Empirical results of bivariate Granger causality analysis are reported in Table 2. It shows the evidence of causality relationship between food price inflation and food price inflation volatility (conditional variance) series. According to these results, both food inflation series (INFCFPI, INFWFPI) Granger causes its own volatility of inflation series (CVINFCFPI, DCVINFWFPI) in the short run.  The p-values of the F test statistics for the null hypothesis that inflation does not Granger cause uncertainty are given in the last column. It indicates that the null hypotheses are rejected at five percent level. These evidences support the Friedman-Ball research hypothesis. 

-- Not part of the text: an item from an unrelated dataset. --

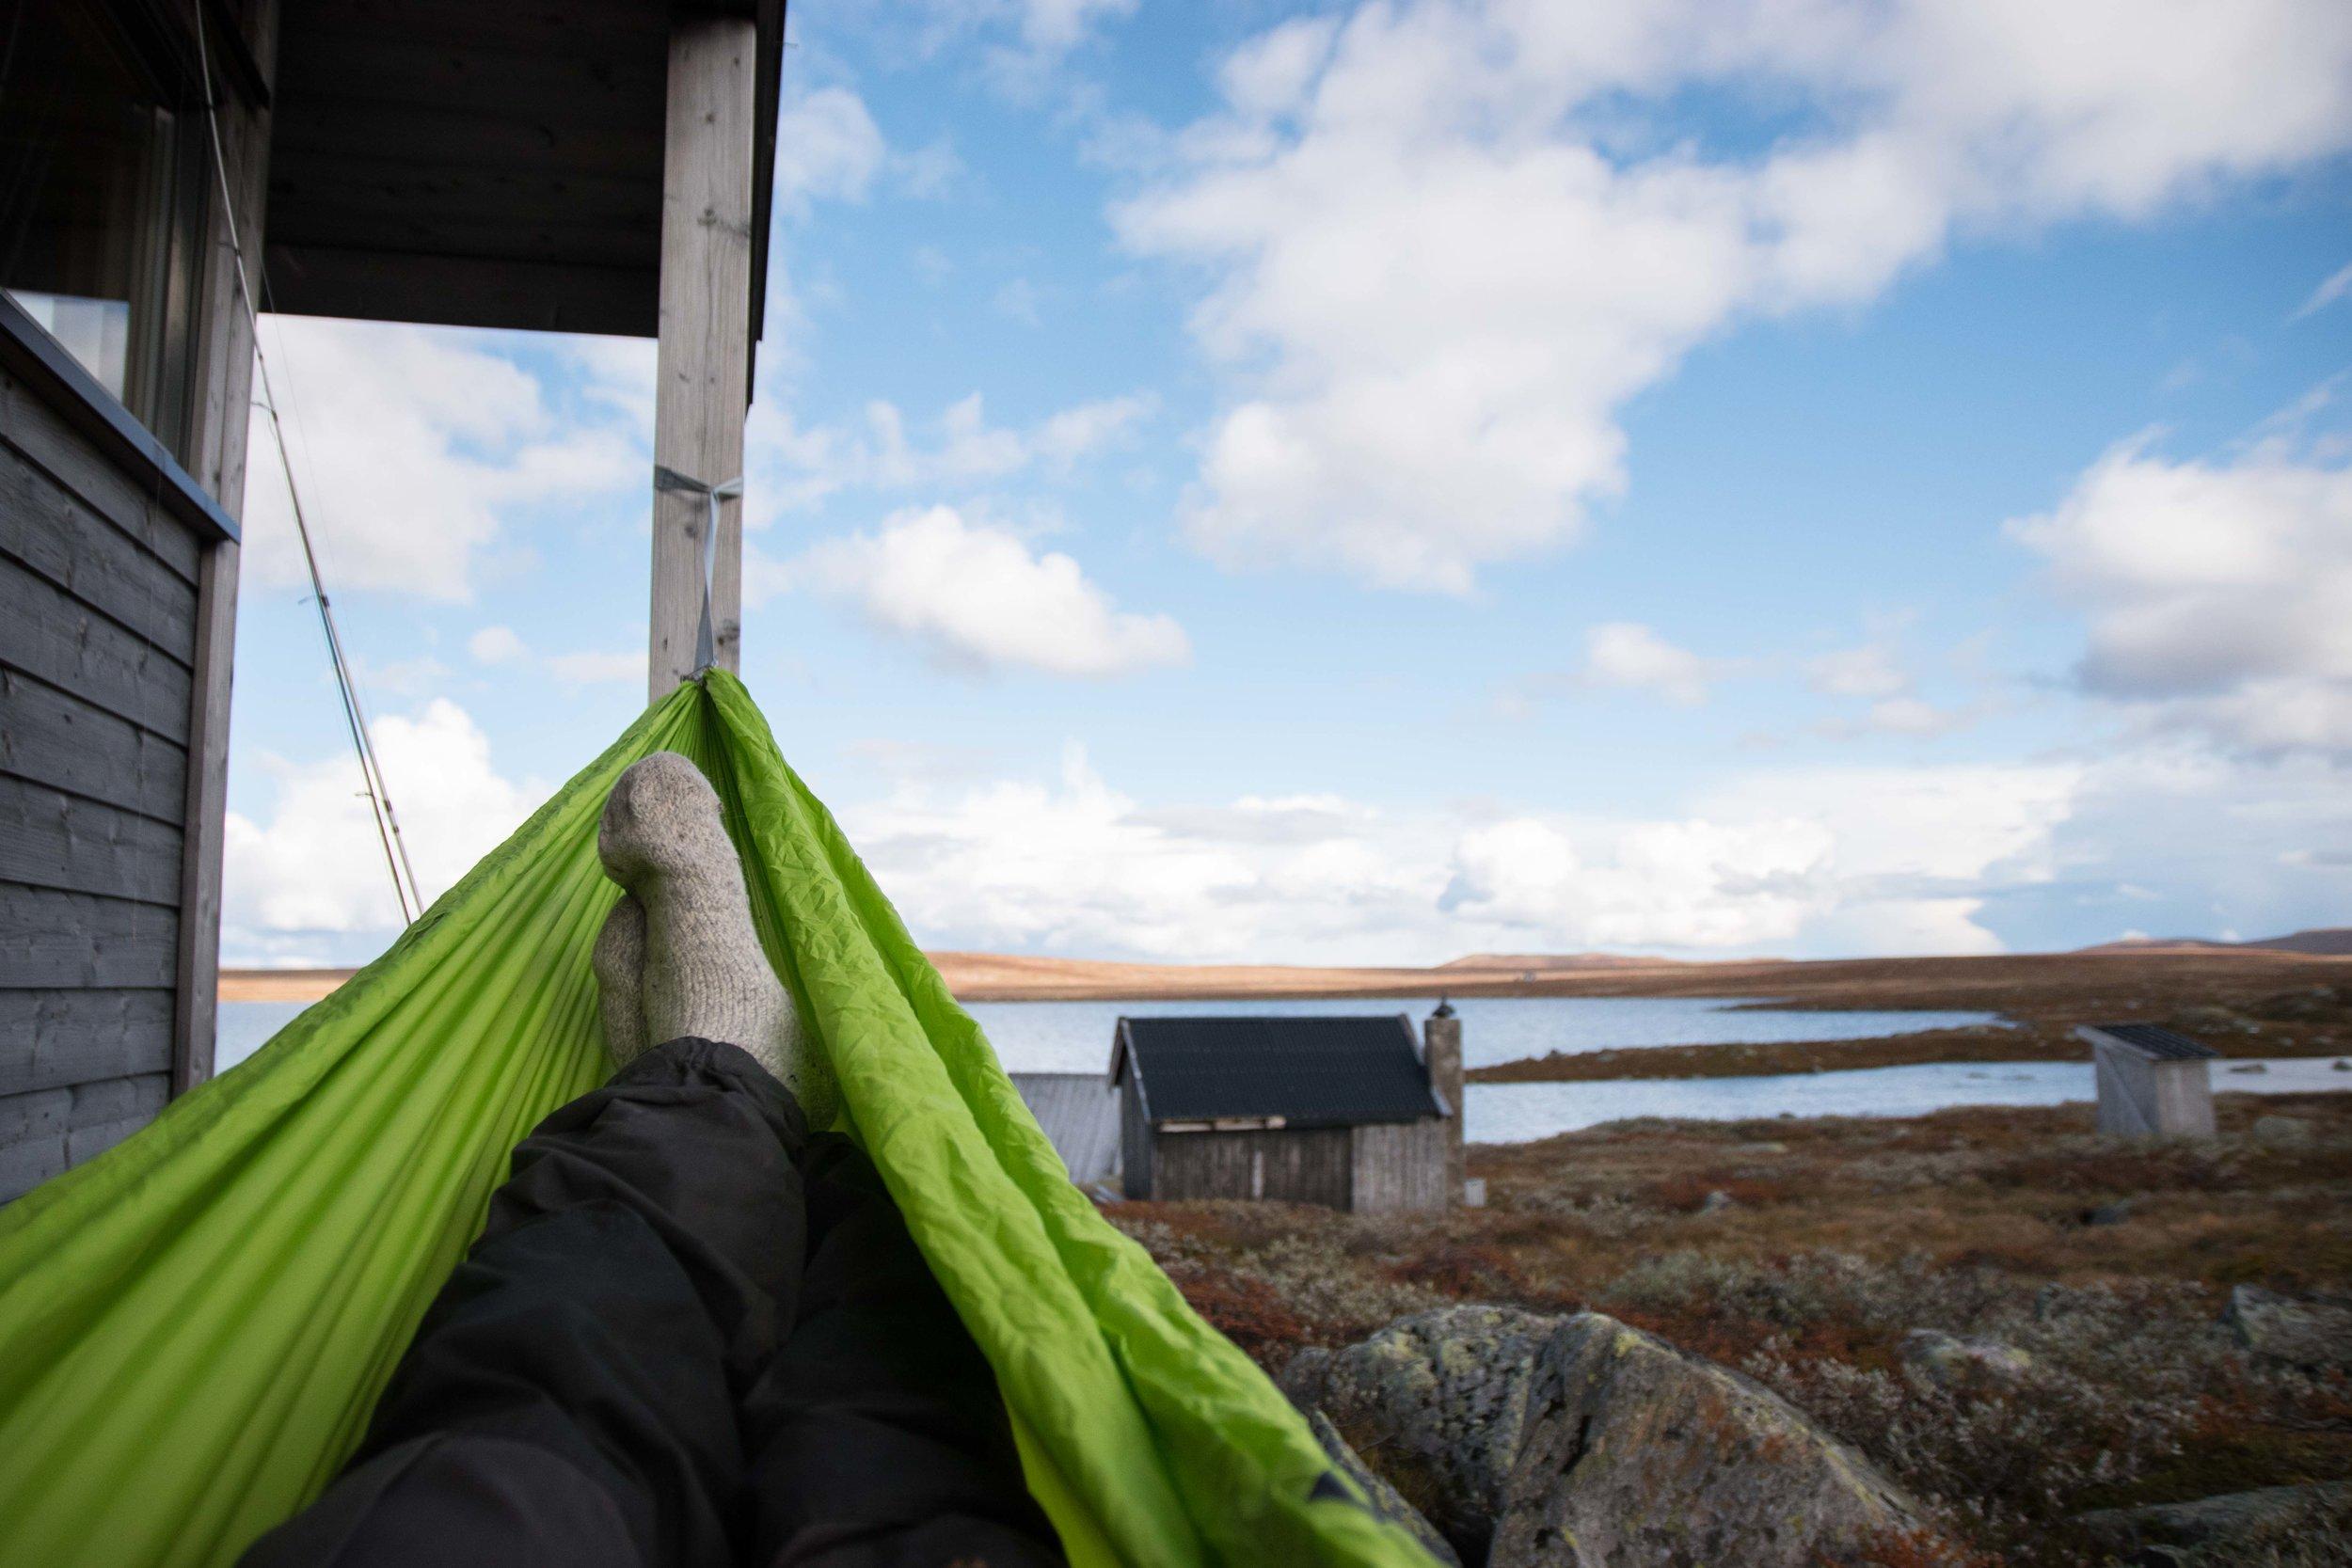 Hengekøyer til alle! - I samarbeid med Revir Oslo har vi Sea to summit hengekøyer tilgjengelig for leie og kjøp!

5. 2.1. Bivariate Granger Causality Tests





However, Cukierman–Meltzer (1986) hypothesis; “inflation uncertainty affects inflation”, is not supported by the results of our sample using bivariate Granger causality analysis. In sum, the results are supportive to the Friedman-Ball hypotheses. Therefore, the Central Bank of Sri Lanka should try to stabilize the inflation rate in the face of inflationary shocks. The results of the study are consistent with the results of who say that price levels and price volatilities are likely to be positively associated. 


6. Conclusions and Limitation


This paper has tried to answer three research questions i) are food price inflation and food price inflation volatility stationary series, ii) Is there evidence to support Friedman hypothesis?  iii) Is there evidence to support Cukierman and Meltzer (1986) hypothesis? The main objective of the study is to examine the relationship between food inflation and its volatility in Sri Lanka. According to the unit root tests, food inflation, wholesale food inflation and conditional variance of food inflation are found to be stationary series. However, conditional variance of wholesale food inflation is identified as nonstationary series. The Granger causality test showed a strong evidence in line with the Friedman-Ball causal link; inflation causes inflation uncertainty. However, there was no evidence for Cukierman and Meltzer (1986) hypothesis; “inflation uncertainty affects inflation”. 

This implies the need for better monetary stabilization. Economists find the relationship as a central importance for policy analysis. The findings support the notions that an emerging market economy with low to moderate inflation can experience inflation uncertainty. As food inflation and food inflation volatility are interrelated, both could have a significant impact on general inflation. Thus, the findings could be useful to food policy makers to formulate the stabilization programs and inflation targeting policies. These results may guide policy initiatives for achieving and maintaining price stability. It also support the view of adopting inflation targeting policy in Sri Lanka, to reduce the welfare cost of inflation and its related uncertainties. 

It is also worth to note some limitations of the study for future work. Nonlinearity and asymmetric aspects of food price dynamics are not considered in the study. Aggregate food price indices are used in the study for analysis. It would be more informative and useful to use individual food commodities prices. This would help policy planers.